The federal independent dispute resolution process is the default system for settling out-of-network payment disputes between payers and providers. If providers do not accept a payer’s initial payment or denial and negotiations between the two parties fail, then providers can trigger the arbitration process in which an independent dispute resolution entity will determine the rate based on several factors, including a payer’s median rate for a similar service in the geographic area.
The federal process does not apply in situations where a state has its own system for determining payment rates for state-regulated payers, the report points out.
Nearly half of the states are using existing state processes to determine out-of-network payment rates. These 22 states have different approaches, with some having a narrower scope than the No Surprises Act, the report finds. For example, Virginia’s law does not apply as broadly to nonemergency services.
Additionally, state processes typically do not apply to air ambulance disputes, the report says.
Researchers also find variations in whether the state or CMS will enforce the outcome of the payment dispute. Overall, 25 states plan to enforce the rates determined by the process, whether it was the federal or state one. Although, about half of those states will still get help from the federal government.
Providers have worried that the federal independent dispute resolution process favors payers, especially since regulations implementing the process direct entities to consider a payer’s median rate for the service in a specific area. Industry groups have even sued the federal government over that provision.
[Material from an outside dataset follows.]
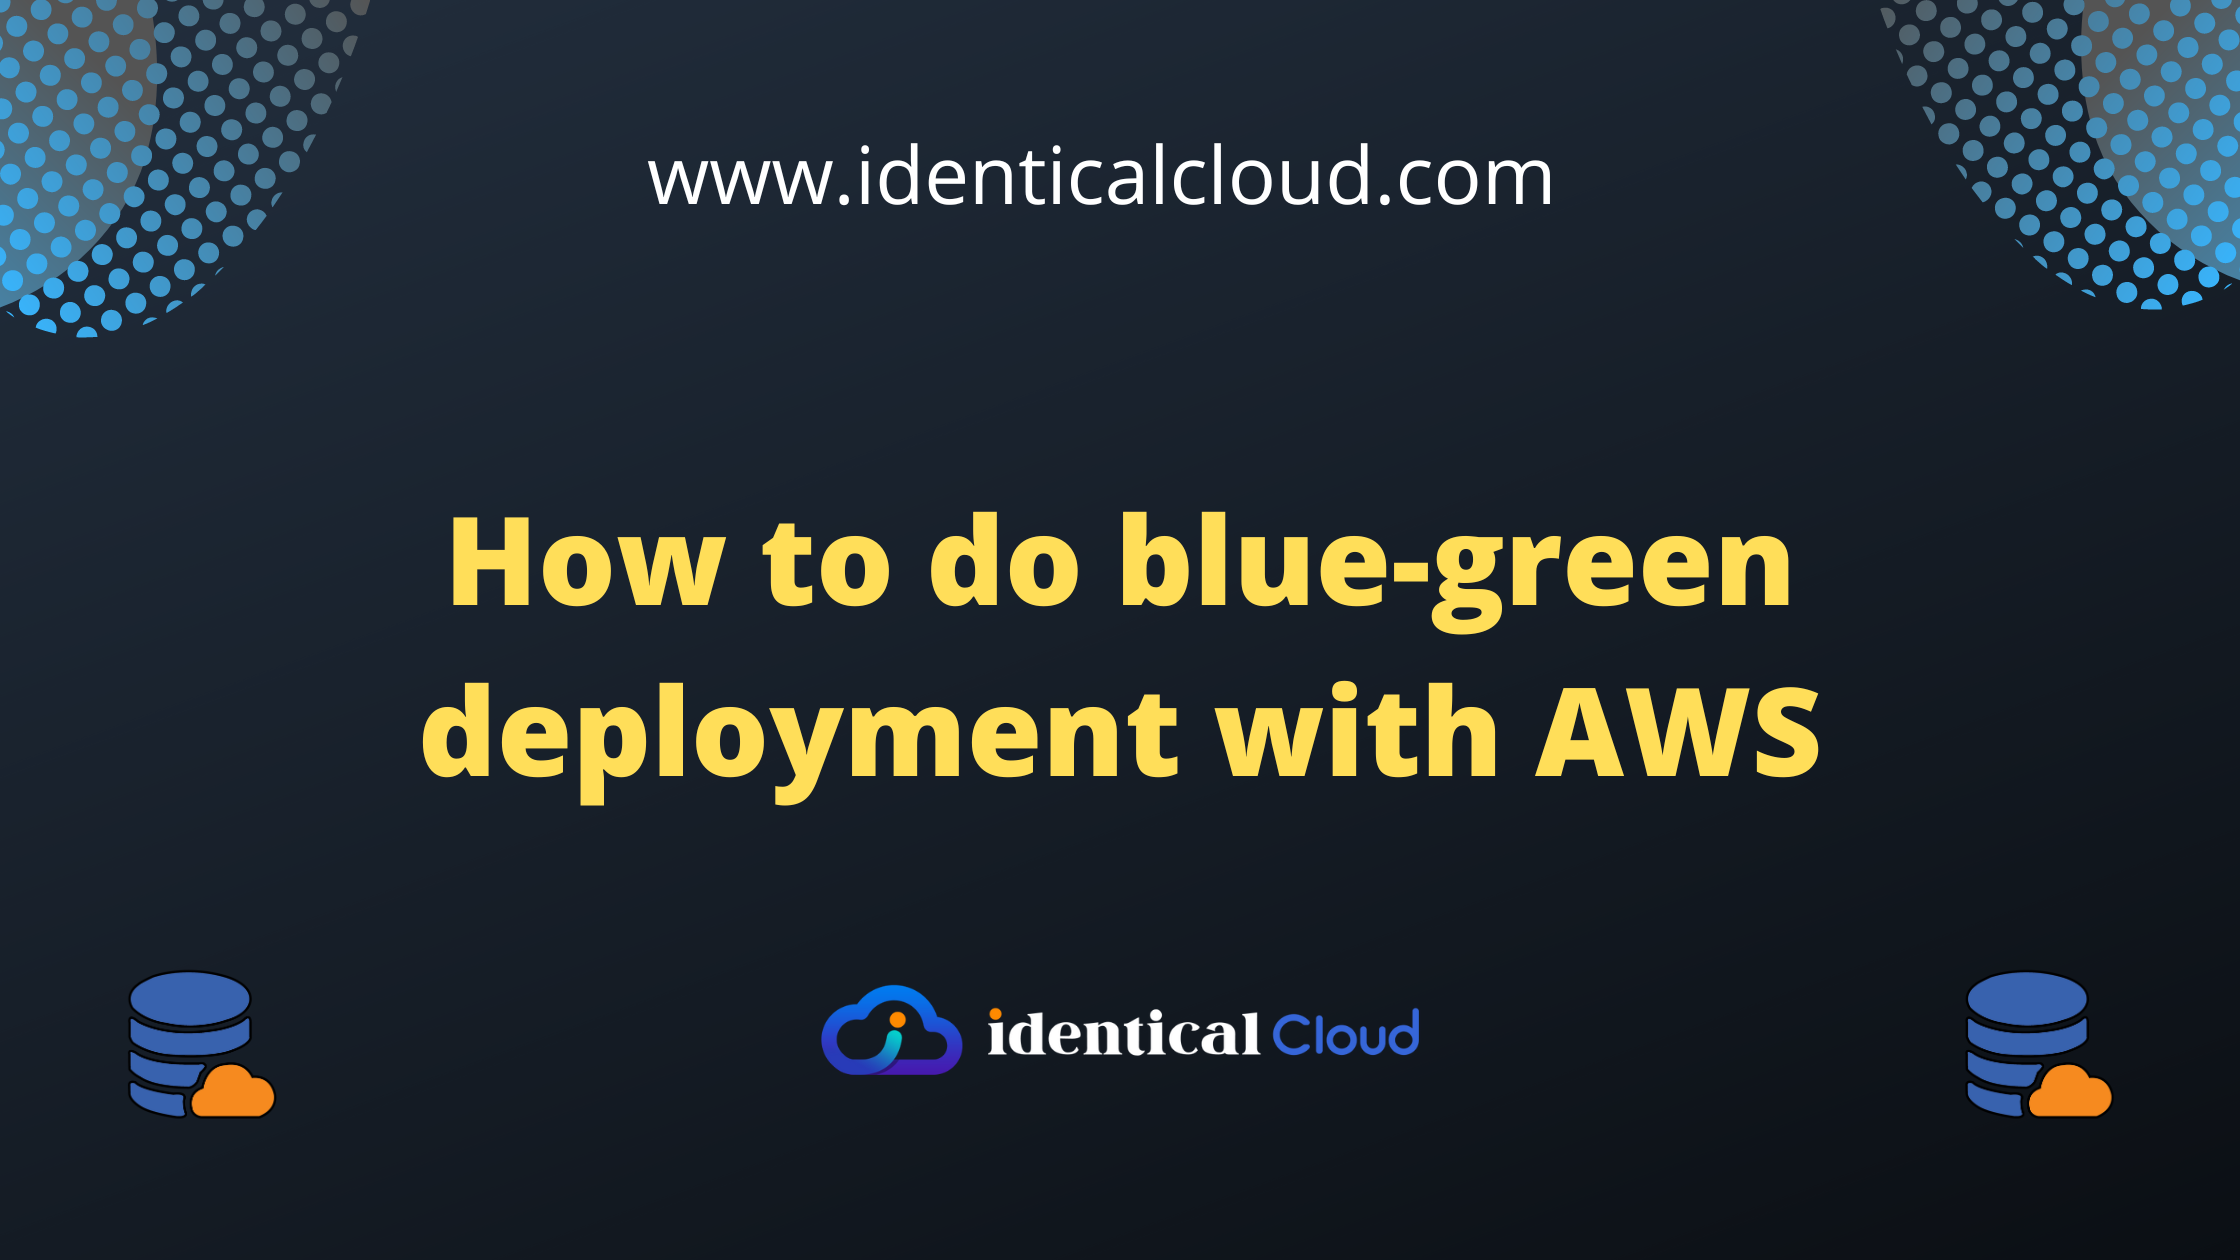 How to do blue-green deployment with AWS - identicalcloud.com

However, Commonwealth Fund finds that some state systems are more favorable to providers. Although, the systems could be inflationary.
The report identifies nine states—Alaska, Connecticut, Florida, Illinois, Missouri, New Jersey, New York, Ohio, and Texas—with systems “friendlier” to providers compared to the federal system. Researchers say the “states typically give a role to billed charges or usual and customary charges in determining payment amounts, factors that are prohibited in the federal system.”
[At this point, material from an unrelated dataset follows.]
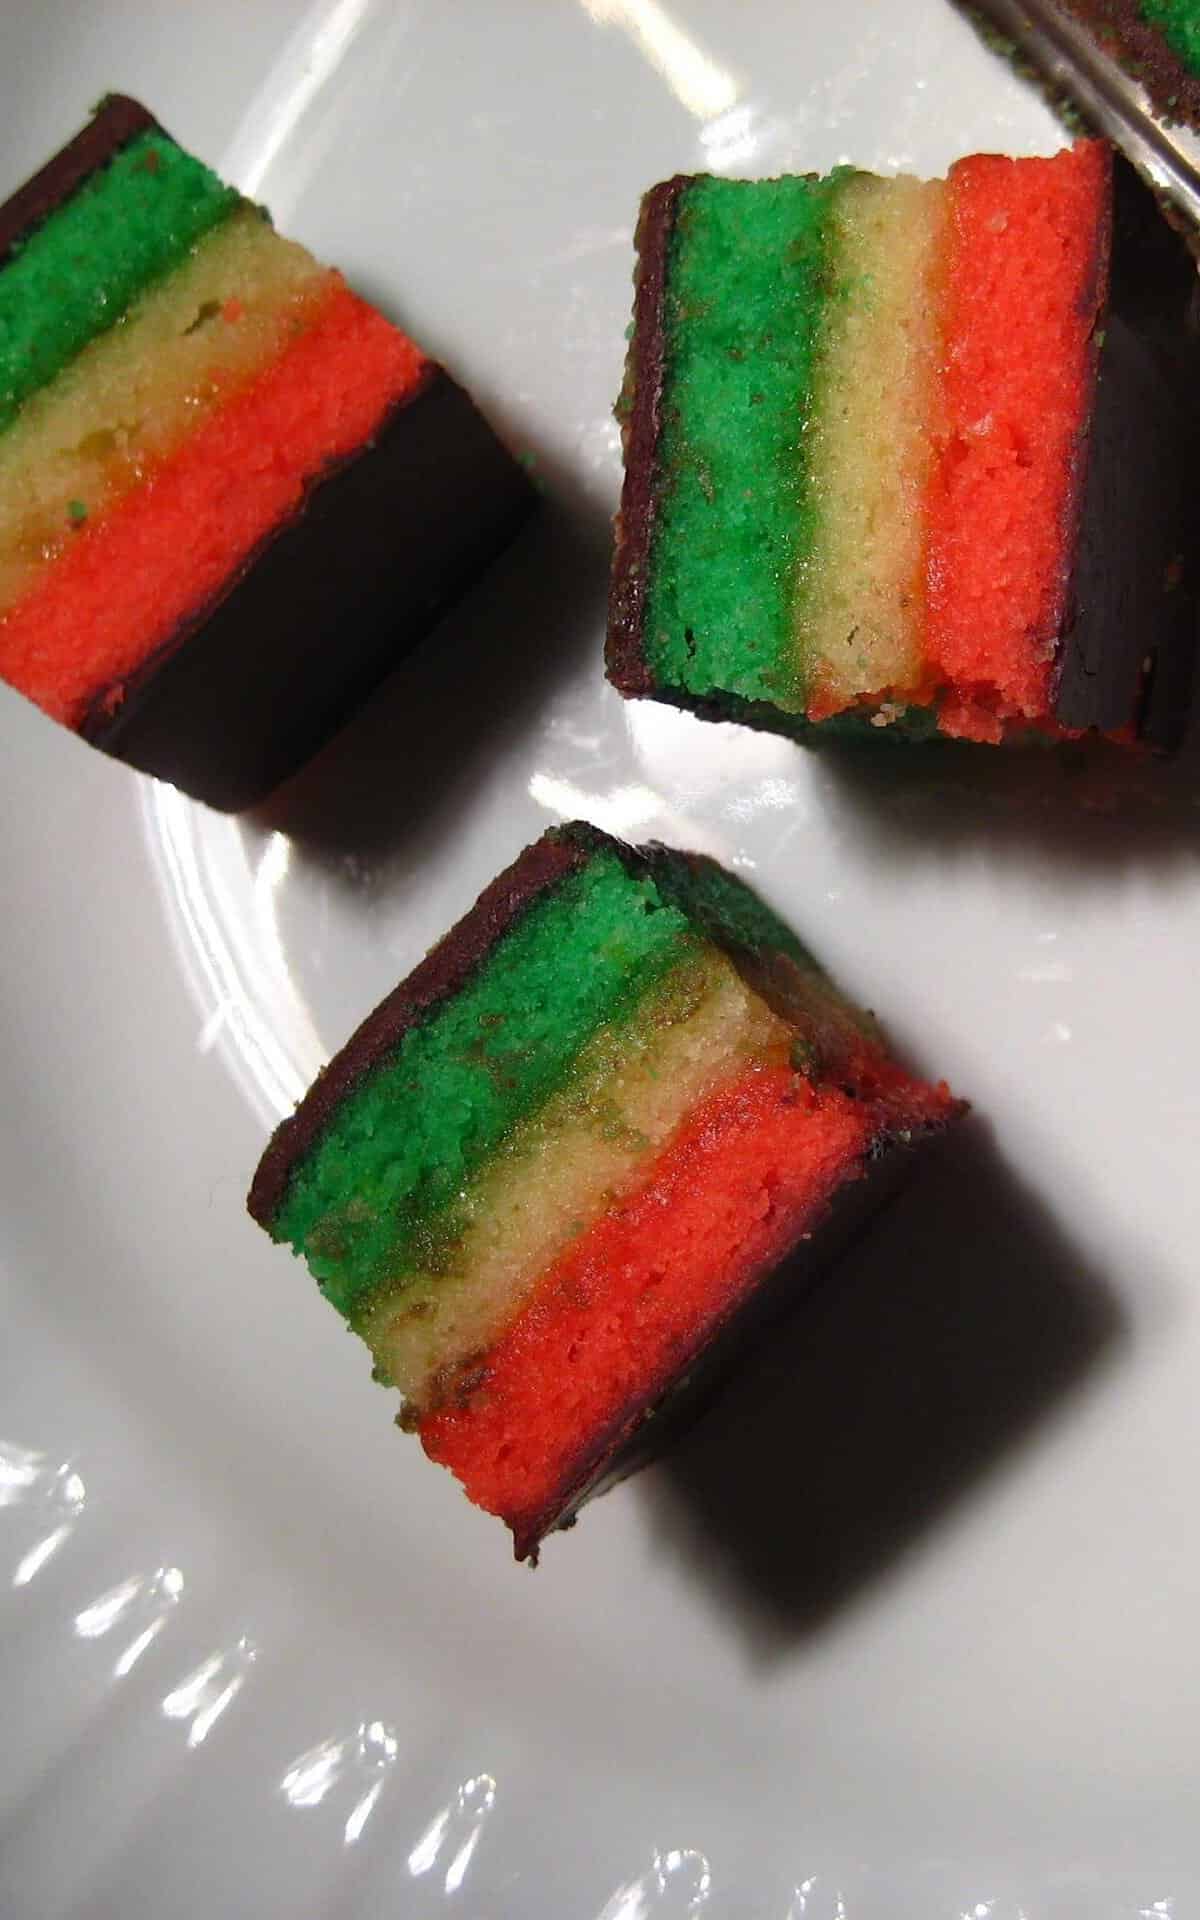  Get ready to taste the rainbow!

The state systems could lead to higher payments for providers, but researchers worry that could increase overall healthcare costs.
They say that state systems in California, Colorado, Maine, Maryland, Michigan, Nevada, and New Mexico are better at cost containment because of the rate standards they use. For example, California sets payment rates for nonemergency, out-of-network services at the greater of 125 percent of the Medicare rate or the health plan’s average contracted rate.
Researchers say that providers may push for state payment determination processes that are more favorable to them as they are on the federal level. However, cost containment advocates may also be pushing for systems they feel reduce costs.
One question remains though. Lawsuits challenging the use of the payer’s median contracted rate for similar services are ongoing despite HHS’ willingness to change the wording of regulations implementing the No Surprises Act to deemphasize the role the median rate should play in the federal independent dispute resolution process.
“[F]urther changes could curtail the cost-containment goals that were important to congressional sponsors of the No Surprises Act,” researchers state.